И вышла в сени. Там, ткнувшись головой в угол, она дала простор слезам своей обиды и плакала молча, беззвучно, слабея от слез так, как
будто вместе с ними вытекала кровь из сердца ее.
А сквозь неплотно закрытую дверь на нее ползли глухие звуки спора.
-- Ты что ж, -- любуешься собой, мучая ее? -- спрашивал хохол.
-- Ты не имеешь права так говорить! -- крикнул Павел.
-- Хорош был бы я товарищ тебе, если бы молчал, видя
твои глупые, козлиные прыжки!
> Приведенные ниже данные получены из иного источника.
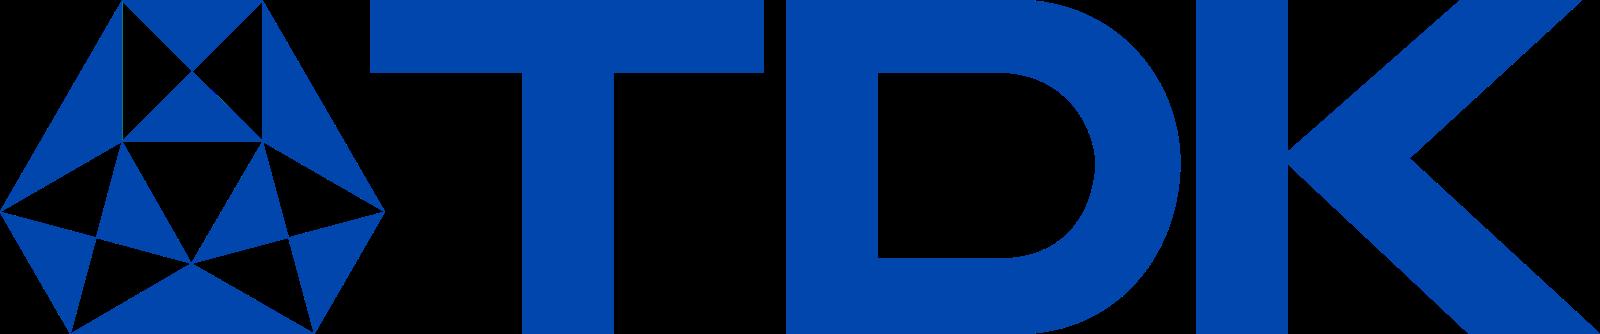 tdk logo 6 - TDK Logo
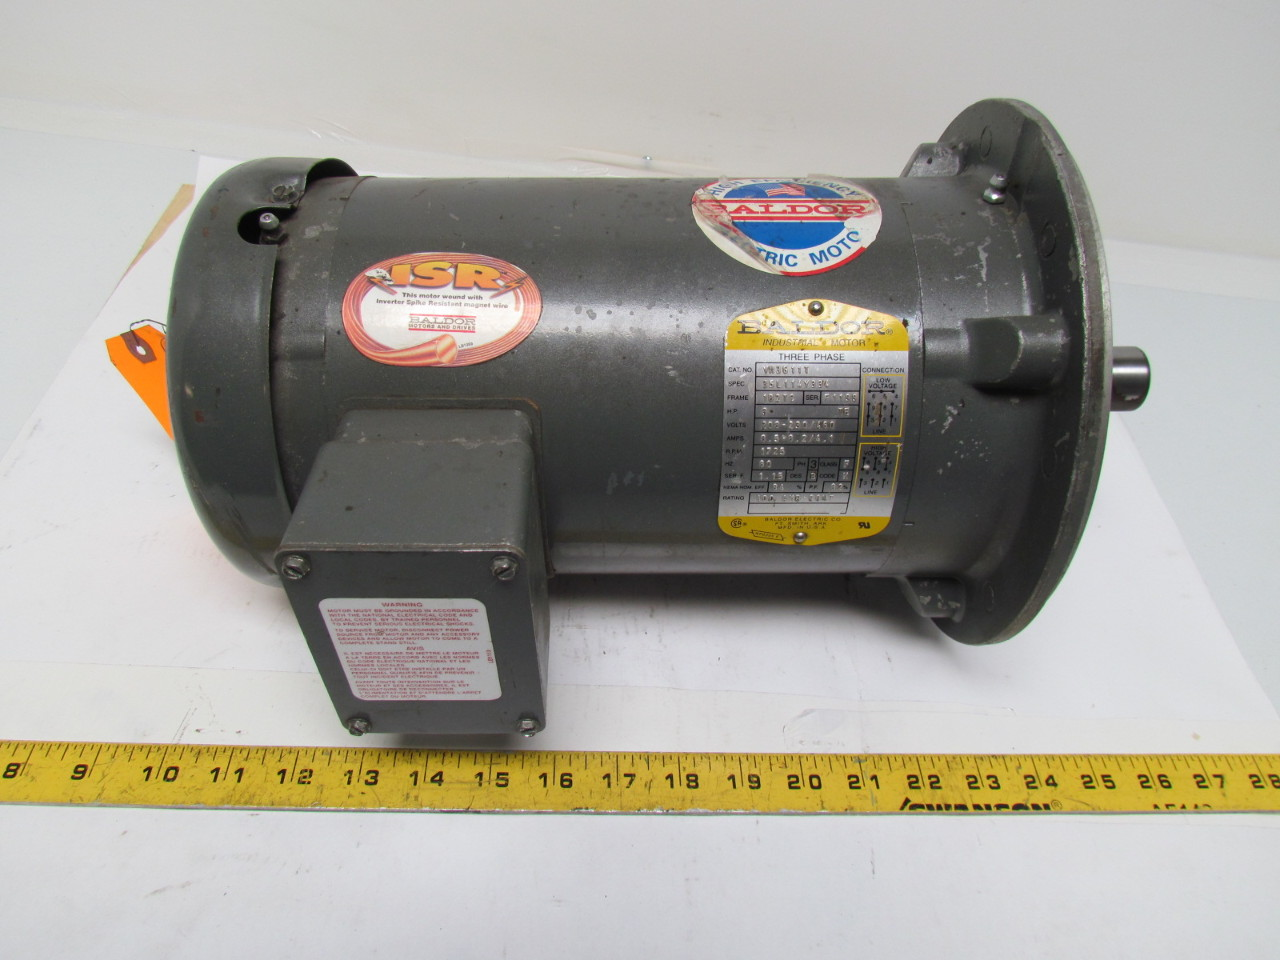 Baldor Vm3611t Ac Motor 3hp 3 Ph 208 230 460v 1725 Rpm

Ты зачем это сказал? Понимаешь?
-- Нужно всегда твердо говорить и да и нет!
-- Это ей?
-- Всем! Не хочу ни любви, ни дружбы, которая цепляется за ноги, удерживает...
-- Герой! Утри нос! Утри и -- пойди, скажи все это Сашеньке. Это ей надо было сказать...
-- Я сказал!..
-- Так? Врешь! Ей ты говорил ласково, ей говорил -- нежно, я не слыхал, а -- знаю! А перед матерью распустил героизм... Пойми, козел, --
героизм твой стоит грош!
Власова начала быстро стирать слезы со своих щек. Она испугалась, что хохол обидит Павла, поспешно отворила дверь и, входя в кухню,
дрожащая, полная горя и страха, громко заговорила:
-- У-у, холодно! А -- весна...
Бесцельно перекладывая в кухне с места на место разные вещи, стараясь заглушить пониженные голоса в комнате, она продолжала громче:
-- Все переменилось, -- люди стали горячее, погода холоднее. Бывало, в это время тепло стоит, небо ясное, солнышко... В комнате замолчали.
Она остановилась среди кухни, ожидая.
-- Слышал? -- раздался тихий вопрос хохла. -- Это надо понять, -- черт! Тут -- богаче, чем у тебя...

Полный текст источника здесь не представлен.